The inner workings of that clock have a great many gears.
One is the decision to be made on Paul Pierce. Boston's captain has a $15 million payday next season, but the team can also buy him out for just $5 million. That would send the long-tenured Celtic to free agency.
Another decision includes Kevin Garnett's fence-sitting on retirement and a no-trade clause. Garnett has the right to veto any trade team president Danny Ainge makes. He also wouldn't surprise anyone with a retirement after 17 years of service. The man recently celebrated his 37th birthday.
A smaller gear is the health of Rajon Rondo. Though he seems to be continually planting just one foot in superstardom, a ton of upcoming events will hinge on his return from an ACL injury. The Celtics just trudged through half a season without him, something the veterans don't wish to do again.
Those three gears, along with a couple smaller treads, are putting pressure on head coach Doc Rivers.
It has been well over a month since the Knicks ended the Celtics' season, but Rivers is still offering only cryptic replies to the question: Are you coming back next year?
In a recent conversation with the Boston Globe's Gary Washburn, Rivers was again evasive to that increasingly important question. He is constantly couching the hopes of Celtics fans with phrases like "I'd rather not say," or that he will let them know "soon."
Rivers could be waiting on those other gears to turn just a little bit more. The Pierce decision must be made by June 30, which is three days after the NBA draft.
What he would be walking away from is still up in the air. Should Garnett and Pierce return for one more year, Rivers would feel far more obligated to return. Those are his guys, and he loves nothing more right now than sharing his basketball knowledge with them.
However, there is still a chance neither of them returns. The prospects of coaching a young team built around Rondo and Jeff Green may not be as appealing.
The one thing he would absolutely be walking away from is $21 million. Rivers' contract goes for another three years at $7 million a pop. That is a healthy chunk of change, and far more than Rivers could immediately make in the broadcast booth. It's also more than he ever made as an NBA player.
Things aren't as simple as returning to coach the Celtics without Pierce and Garnett. A whole chunk of what Rivers has learned and implemented as a head coach over the last eight years goes out the window when those two leave.
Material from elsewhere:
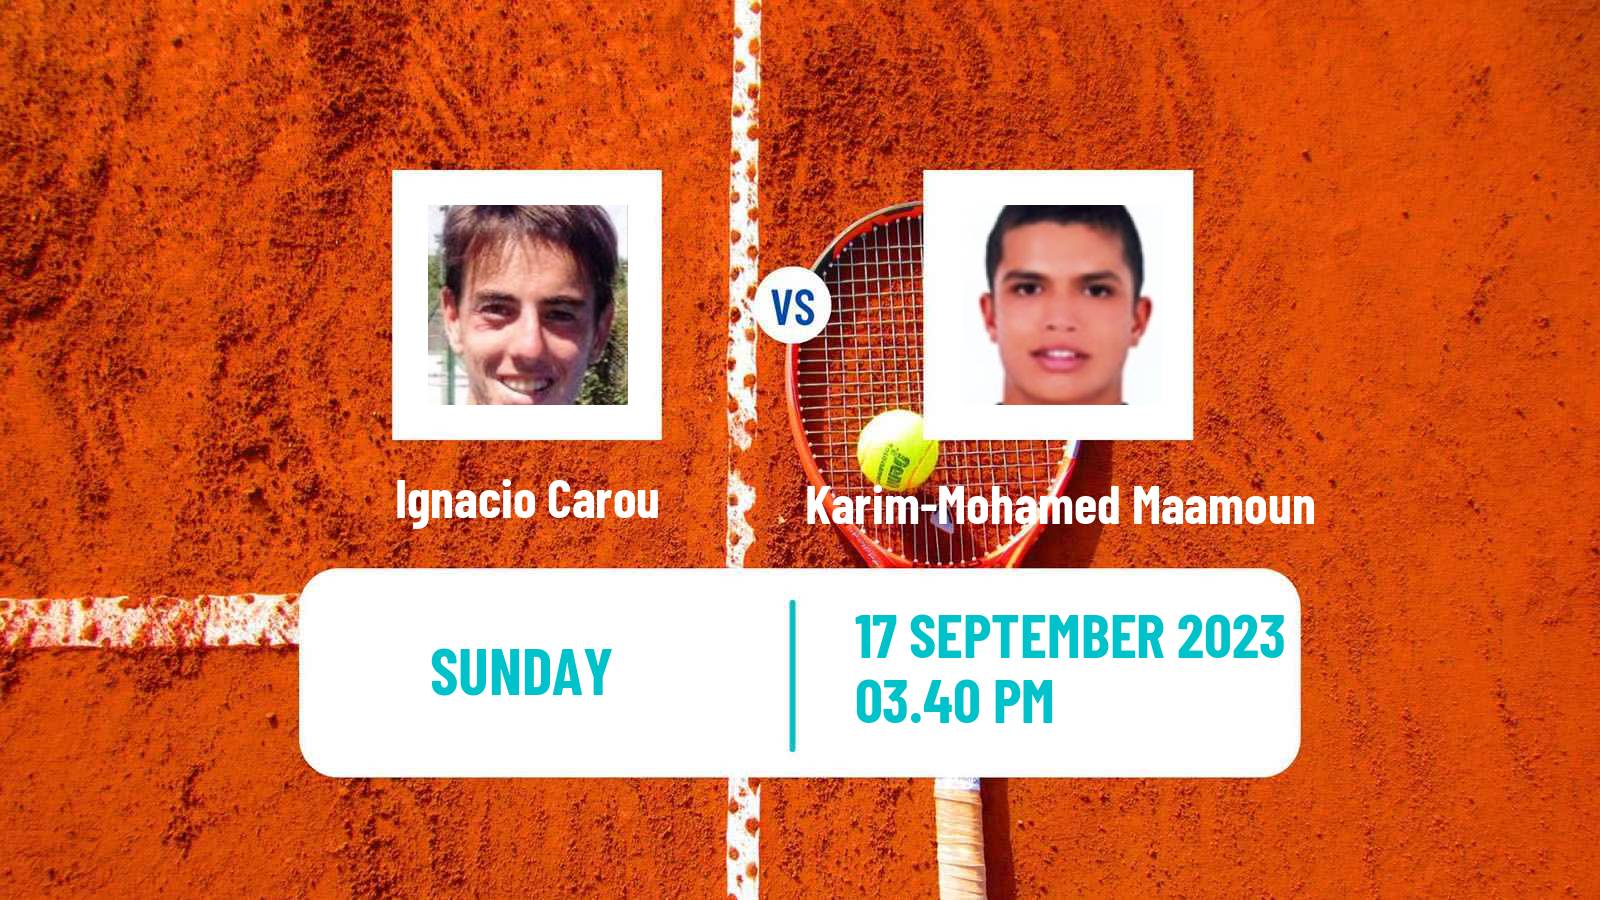 Tennis Davis Cup World Group II Ignacio Carou - Karim-Mohamed Maamoun

There is no telling if his current coaching style and systems will mesh with a new group, or that he will be able to change on the fly.
Garnett changed the culture of the Celtics, while melding his own defensive style with that of Rivers and former assistant Tom Thibodeau. Pierce has been the end-all, be-all of the Celtics offense since Rivers arrived in 2004. As much as Rondo has been utilized in recent years, Pierce's scoring ability has carried the Celtics franchise for more than a decade.
The Celtics would need a new defensive system. Unless Garnett is traded for a post player, the cupboard in Boston is bare. Rivers stares at the prospect of teaching Jared Sullinger, Brandon Bass and a possible No. 16 pick the ins and outs of a new system without the aid of Garnett and Thibodeau.
Offensively, the system will run through Rondo at the point. There is some experience there, as that is the way things were going prior to his injury. However, Green isn't Pierce. Celtics fans will find that out in a hurry if Green is left without Pierce on the roster this coming season. He proved a lot with his play against the Knicks in the postseason, but still lacks the offensive subtleties of Pierce's game.
It is a lot tougher to preach an offensive system to new players, featuring Rondo at the point, when there is no perimeter game from Garnett, or creative shot-making from Pierce. It is an offensive and defensive overhaul that Rivers would be taking on.
If this is the case with his current situation, can you blame Rivers for weighing his options this long? He has spent eight years learning the ropes of being head coach of one version of the Celtics. If Pierce, Garnett and Ray Allen are all gone, that version is over.
Rivers has a fairly famous reputation for holding back his rookies and young players, pushing guys through early, like Rondo and Sullinger, only by necessity. That necessity will be ever-present for Boston after the Pierce-Garnett era comes to a close.
He's got a son playing ball professionally in New Orleans now, and another with his basketball future up in the air. There is also a lot more golf to be played in the sunshine of Orlando than the snow of Boston.
Still, Ainge seems to believe Rivers is returning. He recently denied the Brooklyn Nets the opportunity to speak with him concerning their vacancy. That sent a message to the handful of teams searching for a coach now. Rivers is, at the moment, off-limits.
Ainge knows what is making Rivers so hesitant. The two have been together for eight years. Since he is planning on his coach returning, he must be on the verge of making the right move with Pierce and Garnett.
Washburn told "Mike and Mike in the Morning" on ESPNRadio that Rivers returning was probable, but "not a slam dunk."
It may not be a dunk, but his return has to be a Pierce jumper at the elbow: lessening in frequency and smoothness, but still the closest thing to automatic you'll find in Boston.